## Problem description
Each record that follows must be reproduced exactly.
##### Data under study #####
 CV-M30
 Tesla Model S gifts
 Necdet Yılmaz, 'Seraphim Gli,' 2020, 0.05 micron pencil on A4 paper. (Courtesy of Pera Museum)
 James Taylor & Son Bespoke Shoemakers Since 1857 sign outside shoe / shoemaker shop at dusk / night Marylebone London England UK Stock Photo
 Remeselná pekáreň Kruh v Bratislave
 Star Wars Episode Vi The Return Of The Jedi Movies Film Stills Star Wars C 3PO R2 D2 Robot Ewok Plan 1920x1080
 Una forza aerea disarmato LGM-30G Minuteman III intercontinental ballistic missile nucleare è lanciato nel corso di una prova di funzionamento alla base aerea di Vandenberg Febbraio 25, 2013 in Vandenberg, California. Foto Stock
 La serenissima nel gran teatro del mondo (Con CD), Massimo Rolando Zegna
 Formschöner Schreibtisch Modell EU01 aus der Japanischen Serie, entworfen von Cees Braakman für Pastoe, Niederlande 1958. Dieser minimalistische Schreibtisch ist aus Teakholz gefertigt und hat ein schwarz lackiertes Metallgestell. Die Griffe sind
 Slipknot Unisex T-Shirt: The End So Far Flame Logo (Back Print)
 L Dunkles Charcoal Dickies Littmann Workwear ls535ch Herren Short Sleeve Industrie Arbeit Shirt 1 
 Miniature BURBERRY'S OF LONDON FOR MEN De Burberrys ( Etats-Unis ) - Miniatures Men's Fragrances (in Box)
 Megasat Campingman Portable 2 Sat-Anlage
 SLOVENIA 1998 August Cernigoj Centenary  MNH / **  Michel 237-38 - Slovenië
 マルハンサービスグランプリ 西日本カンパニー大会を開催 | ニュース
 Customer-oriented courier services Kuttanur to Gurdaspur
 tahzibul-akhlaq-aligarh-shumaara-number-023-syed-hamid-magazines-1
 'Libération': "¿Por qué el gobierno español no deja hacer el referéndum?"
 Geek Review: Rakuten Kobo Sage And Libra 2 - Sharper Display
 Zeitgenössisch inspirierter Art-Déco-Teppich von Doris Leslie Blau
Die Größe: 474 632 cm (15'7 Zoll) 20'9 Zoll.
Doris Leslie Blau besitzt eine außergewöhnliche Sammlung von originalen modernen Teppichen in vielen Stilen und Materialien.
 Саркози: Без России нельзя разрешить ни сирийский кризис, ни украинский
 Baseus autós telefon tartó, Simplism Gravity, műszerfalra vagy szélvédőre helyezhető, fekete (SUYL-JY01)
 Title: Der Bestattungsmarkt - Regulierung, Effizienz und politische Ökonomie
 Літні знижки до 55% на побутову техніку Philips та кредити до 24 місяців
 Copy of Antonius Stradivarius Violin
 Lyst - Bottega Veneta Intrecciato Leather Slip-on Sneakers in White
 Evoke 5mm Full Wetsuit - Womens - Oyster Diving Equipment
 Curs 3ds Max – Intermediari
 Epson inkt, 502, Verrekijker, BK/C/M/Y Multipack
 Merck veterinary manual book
#####
## Result of the task
 CV-M30
 Tesla Model S gifts
 Necdet Yılmaz, 'Seraphim Gli,' 2020, 0.05 micron pencil on A4 paper. (Courtesy of Pera Museum)
 James Taylor & Son Bespoke Shoemakers Since 1857 sign outside shoe / shoemaker shop at dusk / night Marylebone London England UK Stock Photo
 Remeselná pekáreň Kruh v Bratislave
 Star Wars Episode Vi The Return Of The Jedi Movies Film Stills Star Wars C 3PO R2 D2 Robot Ewok Plan 1920x1080
 Una forza aerea disarmato LGM-30G Minuteman III intercontinental ballistic missile nucleare è lanciato nel corso di una prova di funzionamento alla base aerea di Vandenberg Febbraio 25, 2013 in Vandenberg, California. Foto Stock
 La serenissima nel gran teatro del mondo (Con CD), Massimo Rolando Zegna
 Formschöner Schreibtisch Modell EU01 aus der Japanischen Serie, entworfen von Cees Braakman für Pastoe, Niederlande 1958. Dieser minimalistische Schreibtisch ist aus Teakholz gefertigt und hat ein schwarz lackiertes Metallgestell. Die Griffe sind
 Slipknot Unisex T-Shirt: The End So Far Flame Logo (Back Print)
 L Dunkles Charcoal Dickies Littmann Workwear ls535ch Herren Short Sleeve Industrie Arbeit Shirt 1 
 Miniature BURBERRY'S OF LONDON FOR MEN De Burberrys ( Etats-Unis ) - Miniatures Men's Fragrances (in Box)
 Megasat Campingman Portable 2 Sat-Anlage
 SLOVENIA 1998 August Cernigoj Centenary  MNH / **  Michel 237-38 - Slovenië
 マルハンサービスグランプリ 西日本カンパニー大会を開催 | ニュース
 Customer-oriented courier services Kuttanur to Gurdaspur
 tahzibul-akhlaq-aligarh-shumaara-number-023-syed-hamid-magazines-1
 'Libération': "¿Por qué el gobierno español no deja hacer el referéndum?"
 Geek Review: Rakuten Kobo Sage And Libra 2 - Sharper Display
 Zeitgenössisch inspirierter Art-Déco-Teppich von Doris Leslie Blau
Die Größe: 474 632 cm (15'7 Zoll) 20'9 Zoll.
Doris Leslie Blau besitzt eine außergewöhnliche Sammlung von originalen modernen Teppichen in vielen Stilen und Materialien.
 Саркози: Без России нельзя разрешить ни сирийский кризис, ни украинский
 Baseus autós telefon tartó, Simplism Gravity, műszerfalra vagy szélvédőre helyezhető, fekete (SUYL-JY01)
 Title: Der Bestattungsmarkt - Regulierung, Effizienz und politische Ökonomie
 Літні знижки до 55% на побутову техніку Philips та кредити до 24 місяців
 Copy of Antonius Stradivarius Violin
 Lyst - Bottega Veneta Intrecciato Leather Slip-on Sneakers in White
 Evoke 5mm Full Wetsuit - Womens - Oyster Diving Equipment
 Curs 3ds Max – Intermediari
 Epson inkt, 502, Verrekijker, BK/C/M/Y Multipack
 Merck veterinary manual book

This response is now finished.